Hands-on approach

A research team has unveiled gesture control technology claimed to be cheap and simple enough to be integrated into a wide range of everyday consumer electronics.


A research team has unveiled gesture control technology claimed to be cheap and simple enough to be integrated into a wide range of everyday consumer electronics.

The Fraunhofer Institute for Digital Media Technology team has developed pattern recognition software that helps computers understand human gestures. Project manager Valiantsin Hardzeyeu said the software, GestureID, can be easily integrated into any type of video camera and installed inside such devices as PCs, TVs and satnav devices.

‘Our work is based on optical pattern recognition,’ he said. ‘This technique mimics the way humans see things.’

His team modelled vision processes from the point where the photons hit the retina to the stage at which they are processed in the visual cortex.

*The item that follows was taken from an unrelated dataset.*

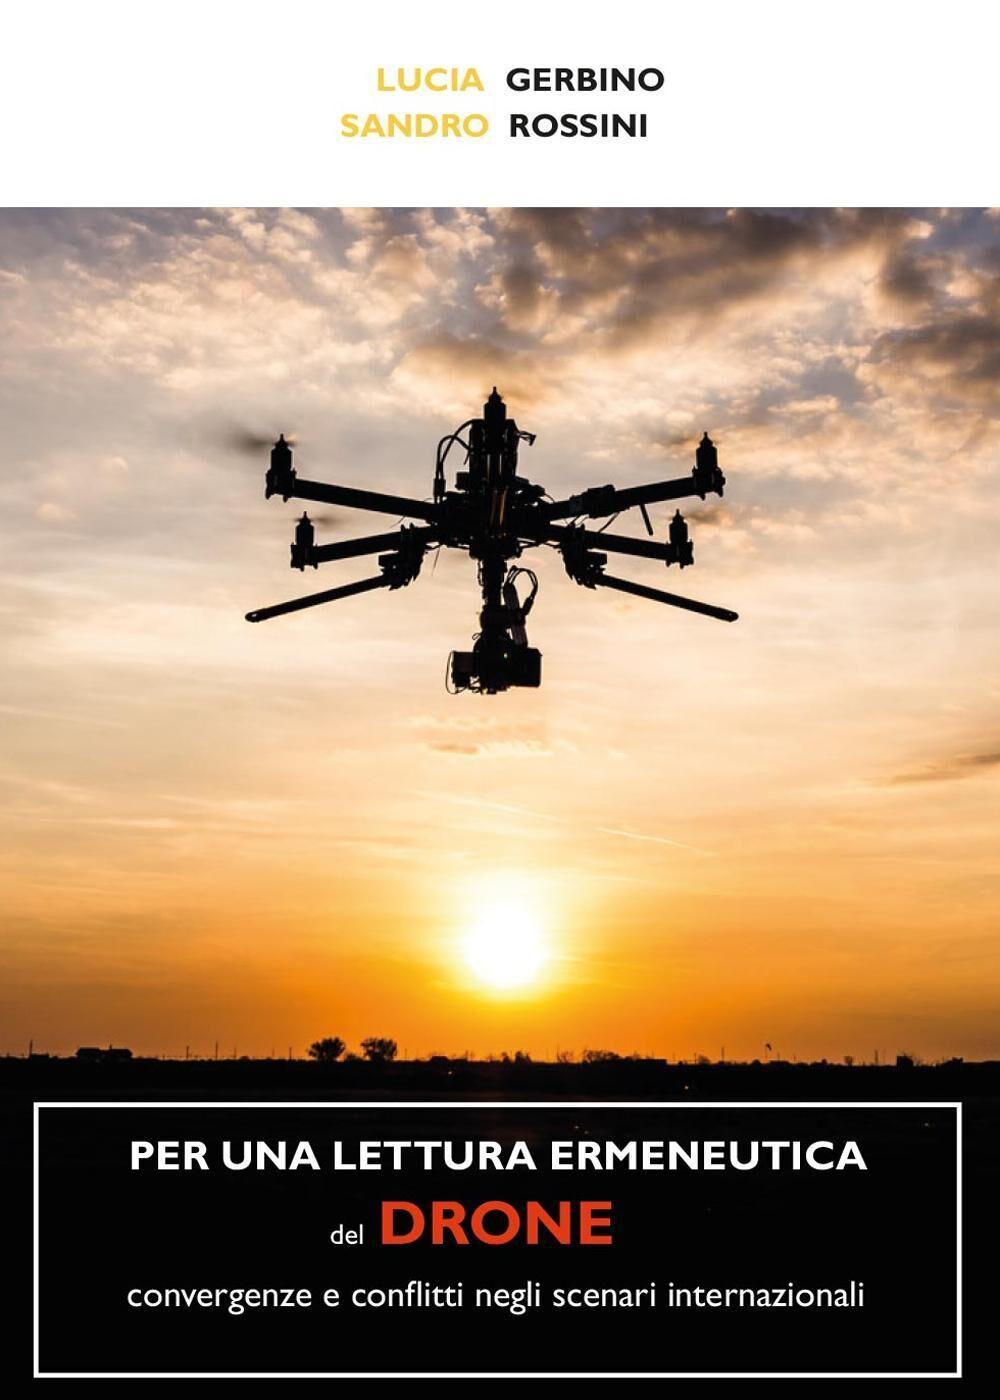 Per una lettura ermeneutica del drone. Convergenze e conflitti negli scenari internazionali
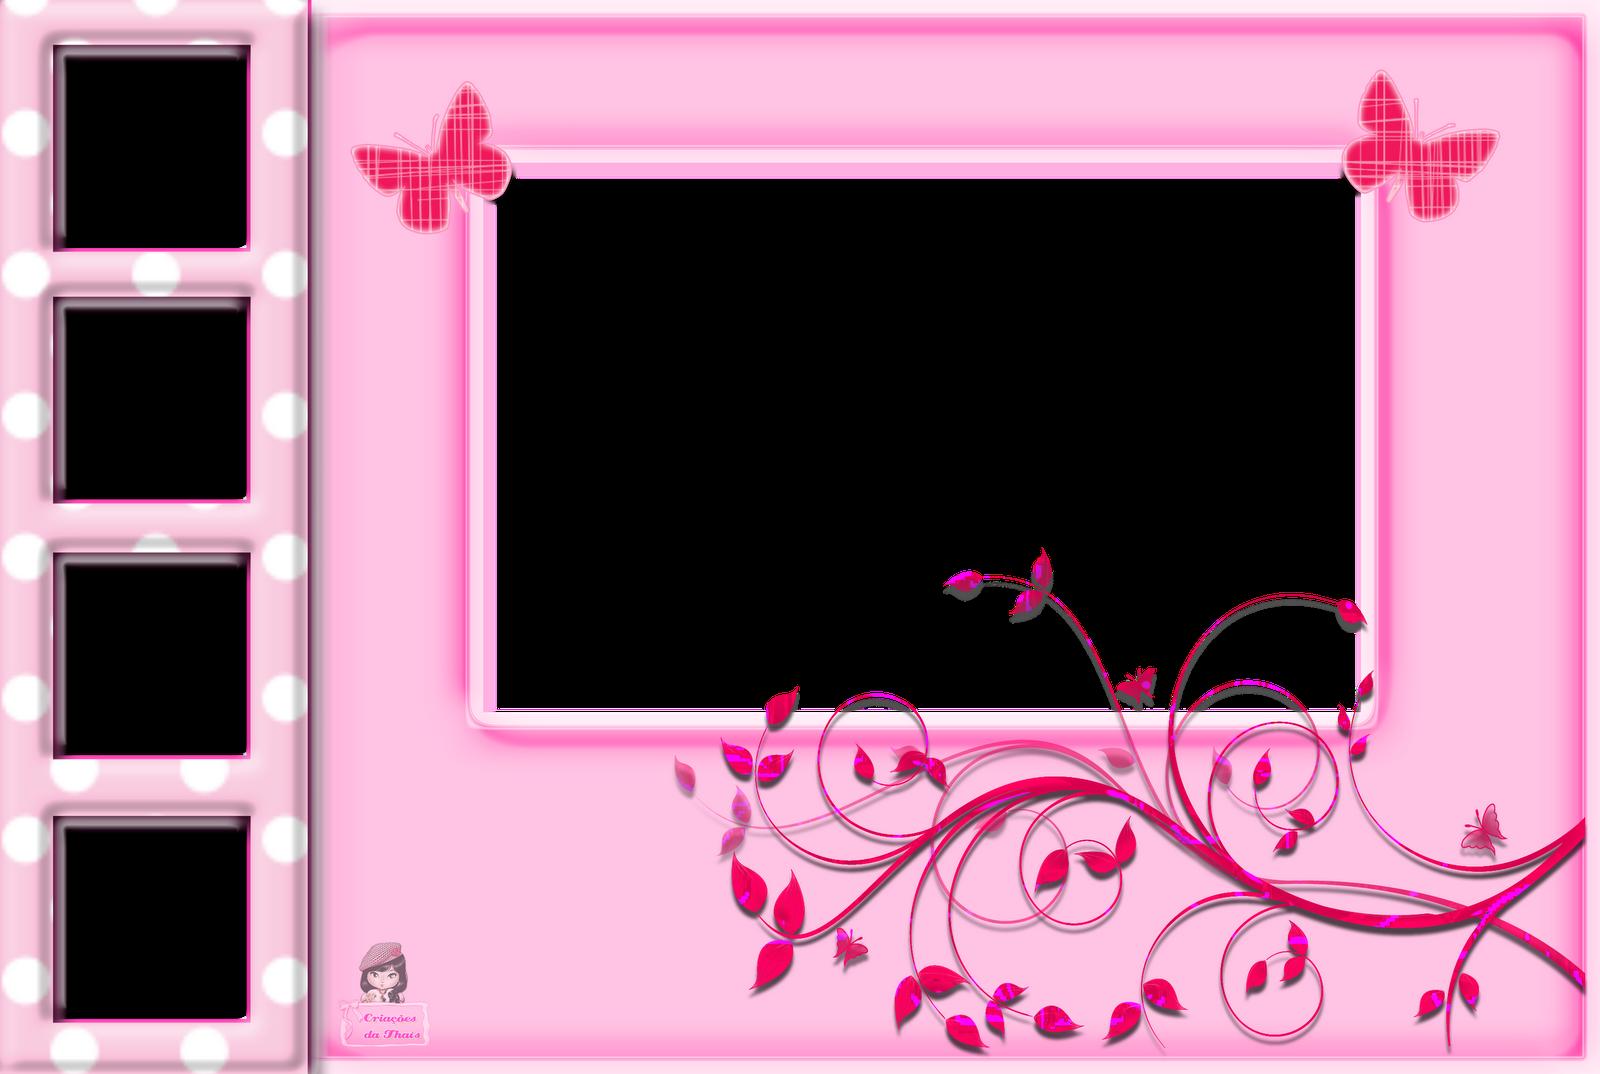 Gratis foto rosa adolescente

The system works with a standard webcam that records the surrounding environment. The GestureID software detects if there are any human hand or hands in the frame. If there are, the system filters out all unnecessary information, extracting only the human hand/hands from the initial image.

The system then performs the recognition process, which is based on the gesture’s shape description.

‘At the moment we use five different types of hand signal to classify a certain gesture,’ said Hardzeyeu. ‘However, it is possible to extend this number to 12 easily.’

At the recognition process the system performs an action, which is defined for each gesture class. With a PC running Windows XP, for example, the system can perform up to 50 gesture detections/sec. ‘This means that even really fast pointing gestures could be easily detected by the system,’ he said.

The Fraunhofer team recently demonstrated how its technology could be used to control a video on a computer using an application such as Windows Media Player. Their computer, using a standard webcam, tracked the movement of a user’s finger.

When it pointed up, the video began streaming. When it slid to the right, it started to fast-forward. Similarly, when a finger slid to the left it rewound. The user can stop the video by pointing down.

Other technologies, such as Microsoft Surface, rely on more advanced versions of pattern recognition software. Microsoft’s coffee table surface computer allows multiple users to simultaneously manipulate digital content by natural motions, hand gestures or physical objects. Five cameras, incorporated in the machine’s housing, record movements on the table’s surface.

The Fraunhofer technology can only recognise simple human gestures, but it relies on only one standard camera so the entire system would be simple and cost-efficient to install in many everyday electronic devices.

One example, said Hardzeyeu, is when you wake up in the morning you could gesture ‘up’ and your coffee machine will prepare your drink.

It could also be used to simplify the way household electronics are operated. ‘You wouldn’t need a remote controllers for the VCR player, DVD player or TV set,’ said Hardzeyeu. ‘With gestures it would be possible to control all these devices.’

Another possibility would be to integrate GestureID in satnav devices. Hardzeyeu suggested the systems could be equipped with both gesture and voice recognition. ‘You’ll no longer have to fiddle with buttons,’ he said. ‘It will bring more functionality to the cars themselves.’

The team is currently working on designing a system that could easily be installed inside TV sets and other electronic equipment. The system would integrate GestureID with a field-programmable gate array or digital signal processor. Hardzeyeu said the most challenging part of the project was developing the software, and the rest should fall into place quite easily. He expects to have a product ready for commercialisation within a year.

‘We think it’s possible to integrate such a technology in every kind of electronic device such as TV sets and stereos,’ he said.